Within this condition of a qualitative change in information, the control of information will become an increasingly heavy concern in carrying out one's purposes, whether that purpose be political, economic, or cultural in nature. Namely, in increasing cases, it is becoming more decisive to know how to collect and use more relevant information, than to know how to meet more people, deepen one's communication with them, and develop mutual confidence, and as I shall point out below, there are signs that this fact is becoming true even for the sacred realms of religion. Viewed in these terms, we are forced to admit that the information age is leading the way to a monumental transformation in human culture.

2. The Globalization of Religion

Next, I want to discuss various religious transformations in the information age from the viewpoint of globalization. First, regarding the concept of globalization: this expression is encountered frequently, but just as frequently with different meanings. Some use it to mean much the same as "internationalization," while others define it as a kind of "borderless" phenomenon. Roland Robertson has provided a fruitful definition for globalization in regard to the religious realm, and I must confess that I have been influenced by several aspects of his discussion on globalization in recent years. And I share Robertson's idea that the concept of globalization should be clearly distinguished from that of internationalization.

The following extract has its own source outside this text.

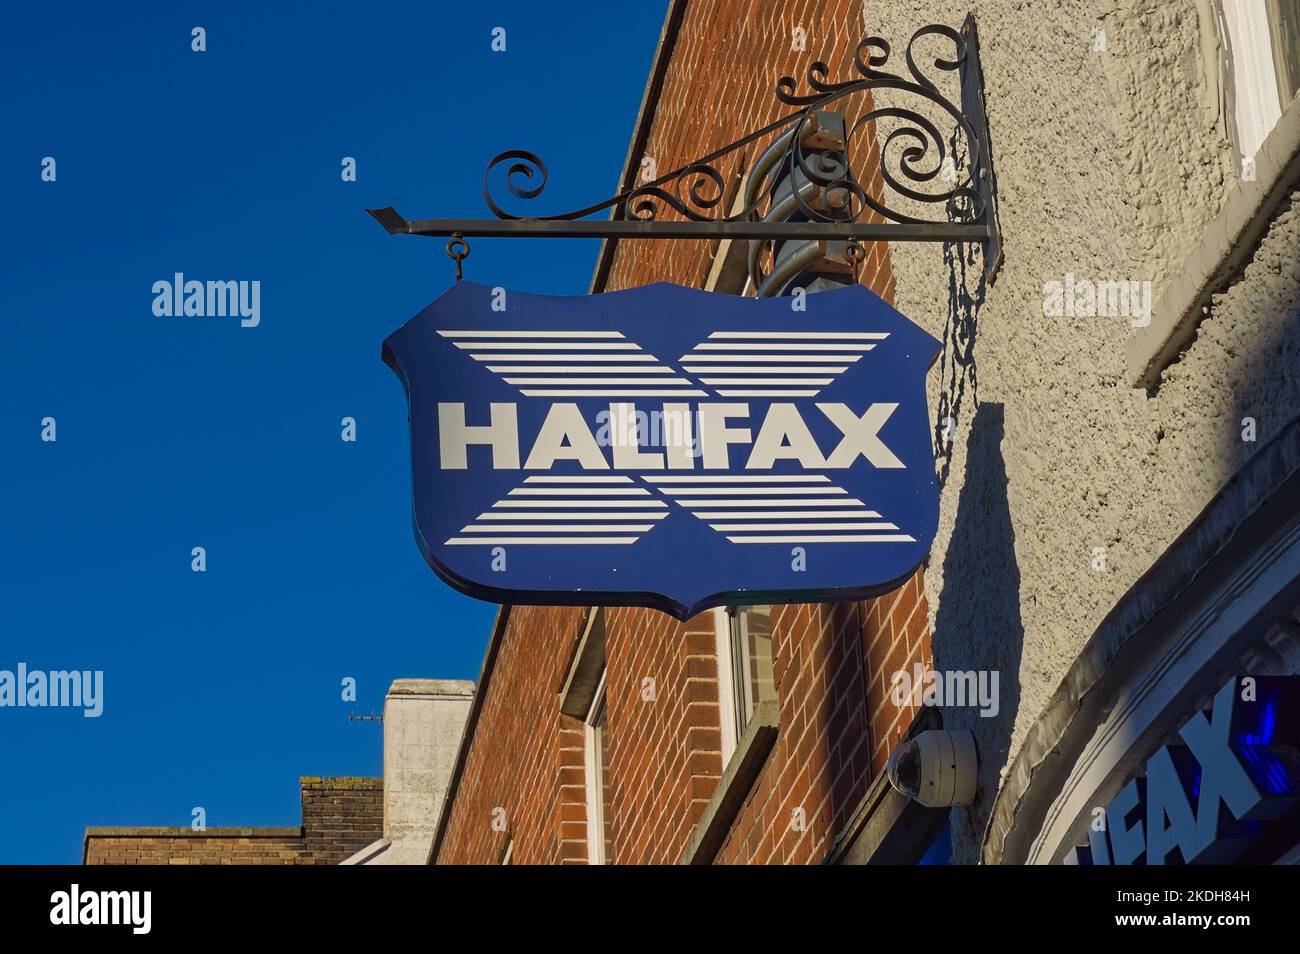 A vintage-style street sign for HALIFAX bank with blue sky in the background. Stock Photo

Although the processes of internationalization and globalization occasionally overlap and involve some of the same characteristics, it is more appropriate for purposes of analysis of the current situation to define them as two essentially different process. Namely, internationalization should be understood, literally, as the process of deepening mutual relations among nations, while globalization is unique in that it often violates or transcends the concept of, or boundaries among, nations. Accordingly, we can state that the modern world simultaneously contains both these processes, which proceed individually while delicately intersecting at certain points.

Of the two, the phenomenon of globalization is most striking in the fields of economic and scientific technology. The financial market continues to grow more borderless day by day, while new technology is shared through the world almost instantly. The topic I treat today, however, is the one of far more conservative cultural phenomena like religion. Full-scale globalization in the field of cultural phenomena is still in its infancy, though incipient signs can be found in every aspect of daily life. What perspective is most apt for considering globalization in this sense?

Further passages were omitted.